ShadowPEFT: Shadow Network for Parameter-Efficient Fine-Tuning

arXiv cs.CL / 4/22/2026

📰 NewsDeveloper Stack & InfrastructureIdeas & Deep AnalysisModels & Research

Key Points

  • ShadowPEFT proposes a new parameter-efficient fine-tuning method for LLMs that freezes the pretrained backbone while refining representations via a centralized, depth-shared “shadow” module rather than distributed low-rank weight perturbations like LoRA.
  • It maintains a parallel shadow state at each transformer layer and evolves this state repeatedly to build progressively richer hidden representations, shifting adaptation from weight space to layer-space refinement.
  • Because the shadow module is decoupled from the backbone, it can be reused across depth, pretrained independently, and optionally deployed in a detached mode suited for edge computing.
  • Experiments on generation and understanding benchmarks indicate ShadowPEFT matches or outperforms LoRA and DoRA under comparable trainable-parameter budgets, with further evidence from analyses on pretraining, transfer, scaling, latency, and system performance.

Abstract

Parameter-efficient fine-tuning (PEFT) reduces the training cost of full-parameter fine-tuning for large language models (LLMs) by training only a small set of task-specific parameters while freezing the pretrained backbone.
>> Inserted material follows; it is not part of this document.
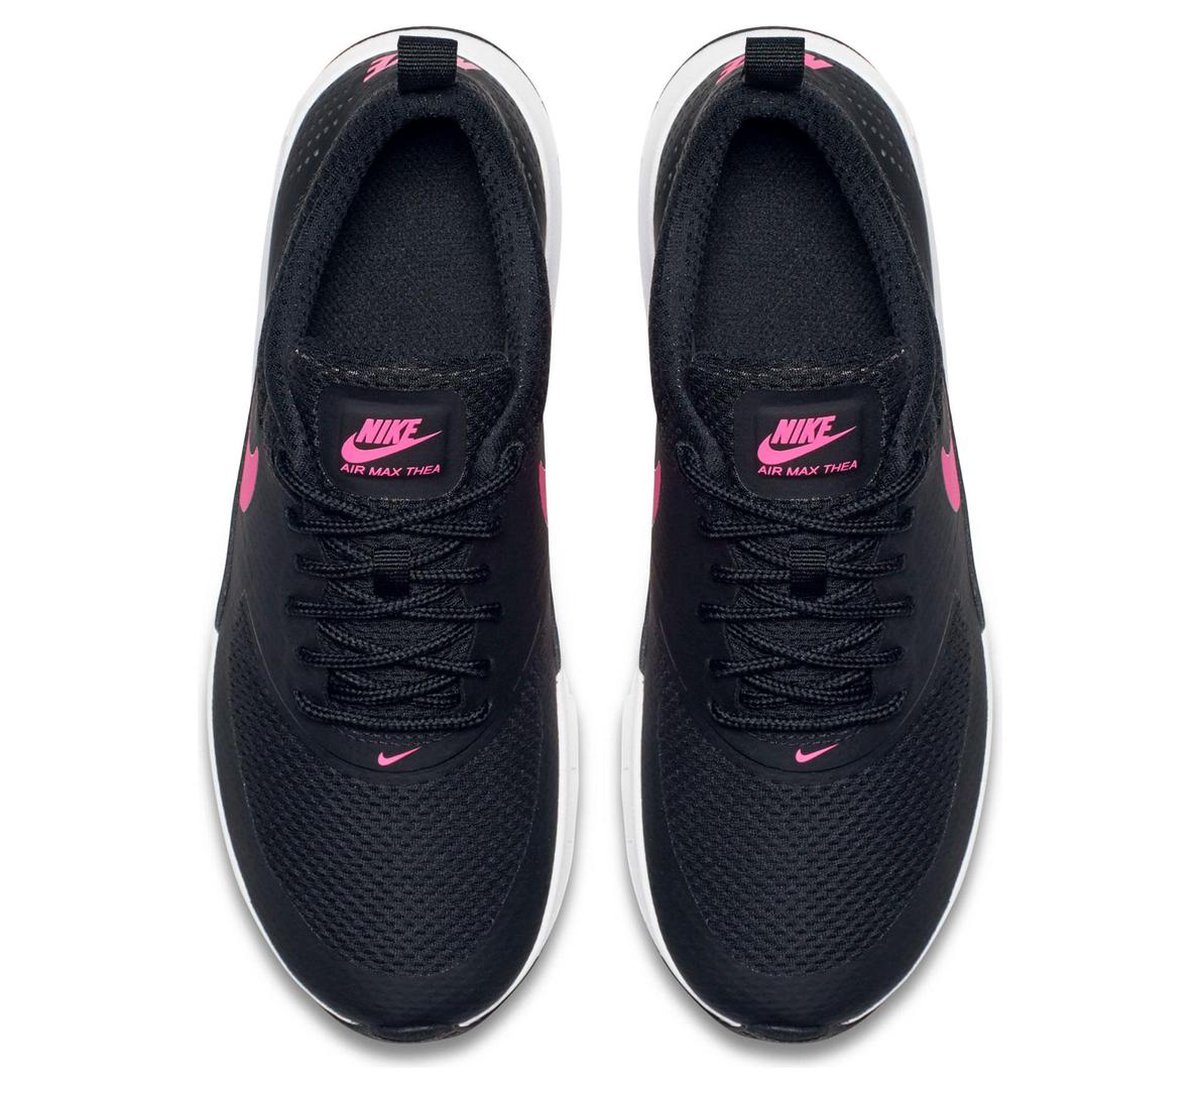 bol.com | Nike Air Max Thea Sneakers Kinderen - zwart/roze

However, existing approaches, such as Low-Rank Adaptation (LoRA), achieve adaptation by inserting independent low-rank perturbations directly to individual weights, resulting in a local parameterization of adaptation. We propose ShadowPEFT, a centralized PEFT framework that instead performs layer-level refinement through a depth-shared shadow module. At each transformer layer, ShadowPEFT maintains a parallel shadow state and evolves it repeatedly for progressively richer hidden states. This design shifts adaptation from distributed weight-space perturbations to a shared layer-space refinement process. Since the shadow module is decoupled from the backbone, it can be reused across depth, independently pretrained, and optionally deployed in a detached mode, benefiting edge computing scenarios. Experiments on generation and understanding benchmarks show that ShadowPEFT matches or outperforms LoRA and DoRA under comparable trainable-parameter budgets. Additional analyses on shadow pretraining, cross-dataset transfer, parameter scaling, inference latency, and system-level evaluation suggest that centralized layer-space adaptation is a competitive and flexible alternative to conventional low-rank PEFT.